A novel procedure is presented for the objective comparison and evaluation of a bank's decision rules in optimising the timing of loan recovery. This procedure is based on finding a delinquency threshold at which the financial loss of a loan portfolio (or segment therein) is minimised. Our procedure is an expert system that incorporates the time value of money, costs, and the fundamental trade-off between accumulating arrears versus forsaking future interest revenue.
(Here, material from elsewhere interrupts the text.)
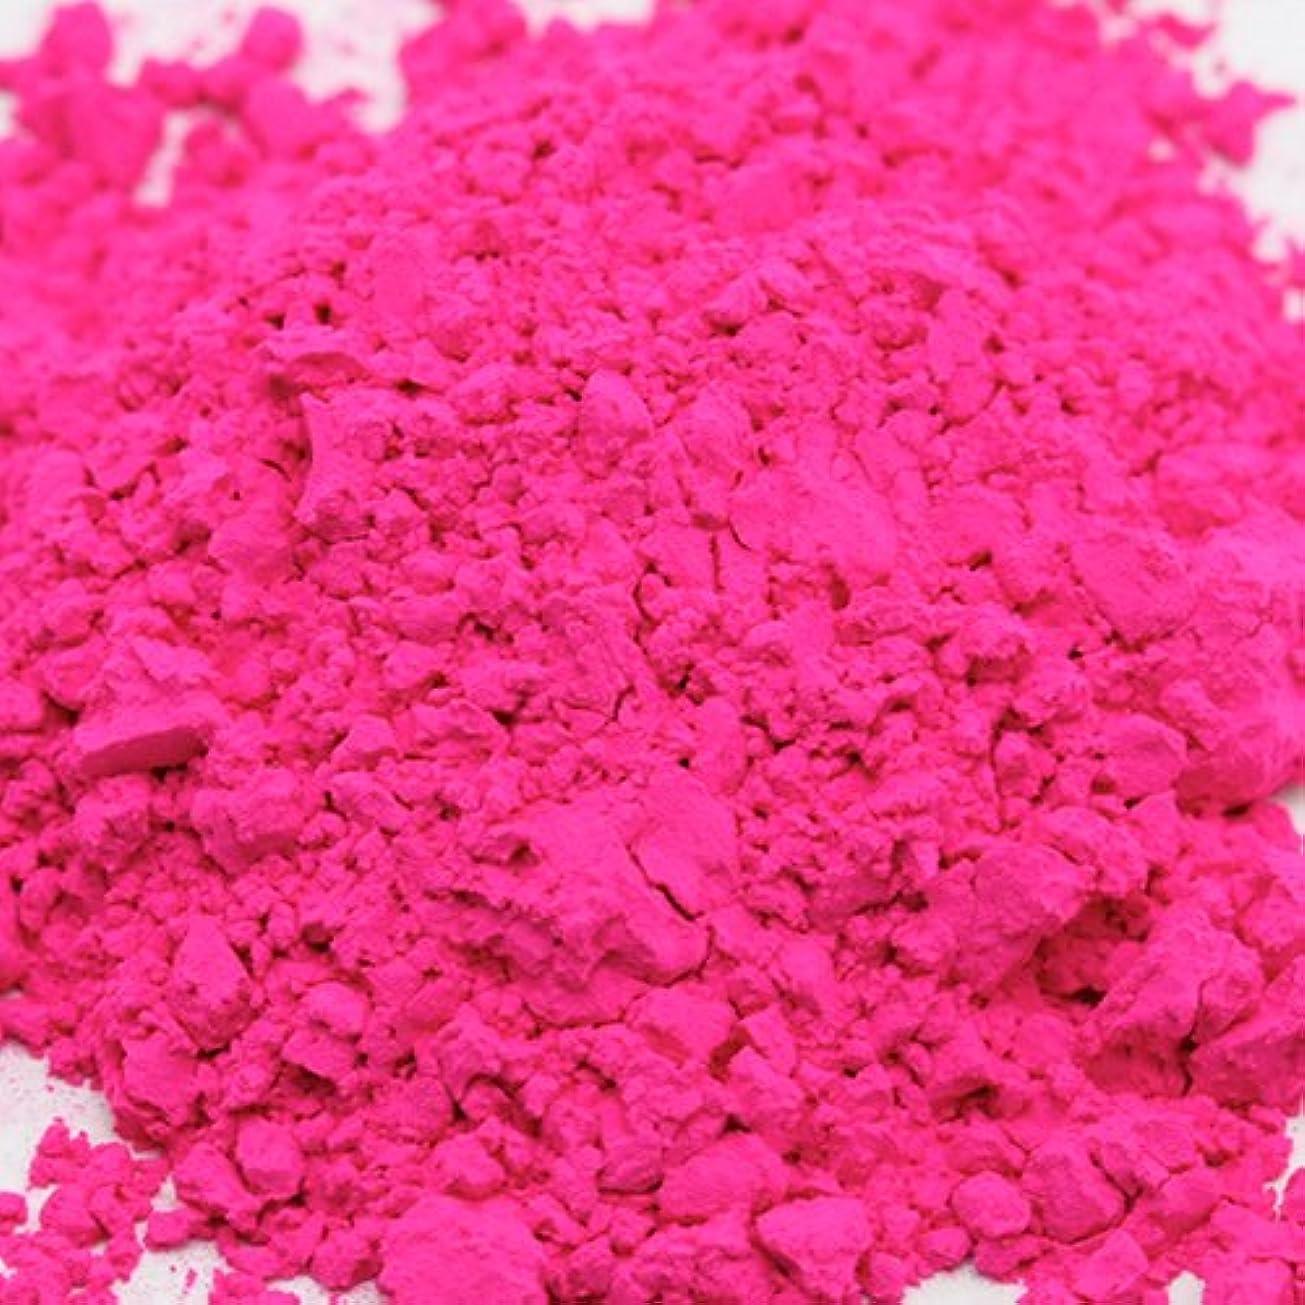 自我フリンジオークションキャンディカラー ピンク 20g 【手作り石鹸/手作りコスメ/色付け/カラーラント】

Moreover, the procedure can be used with different delinquency measures (other than payments in arrears), thereby allowing an indirect comparison of these measures. We demonstrate the system across a range of credit risk scenarios and portfolio compositions. The computational results show that threshold optima can exist across all reasonable values of both the payment probability (default risk) and the loss rate (loan collateral). In addition, the procedure reacts positively to portfolios afflicted by either systematic defaults (such as during an economic downturn) or episodic delinquency (i.e., cycles of curing and re-defaulting). In optimising a portfolio's recovery decision, our procedure can better inform the quantitative aspects of a bank's collection policy than relying on arbitrary discretion alone.

Structure

This R-codebase can be run sequentially using the file numbering itself as a structure. Delinquency measures are algorithmically defined in DelinqM.R as data-driven functions, which may be valuable to the practitioner outside of the study's current scope. Note that scripts 3.2, 3.3, and 6d are interactive scripts wherein the so-called Loss-based Recovery Optimisation across Delinquency (or LROD) procedure is repeatedly run by executing the script with different settings, as set out in the comments. Each independent run produces results that are saved for graphing later on (see the graph-varients of each numbered script where relevant).

Data

This R-codebase creates designed portfolios as constrained by the testbed described in the main text and helpful commentary. Designed data are included as .RData files as well as generic files to ease replication, though these datasets can certainly be generated from scratch using the numbered scripts with prescribed parameter settings.

Copyright

All code and scripts are hereby released under an MIT license. Similarly, all graphs produced by relevant scripts as well as those published here, are hereby released under a Creative Commons Attribution (CC-BY 4.0) licence.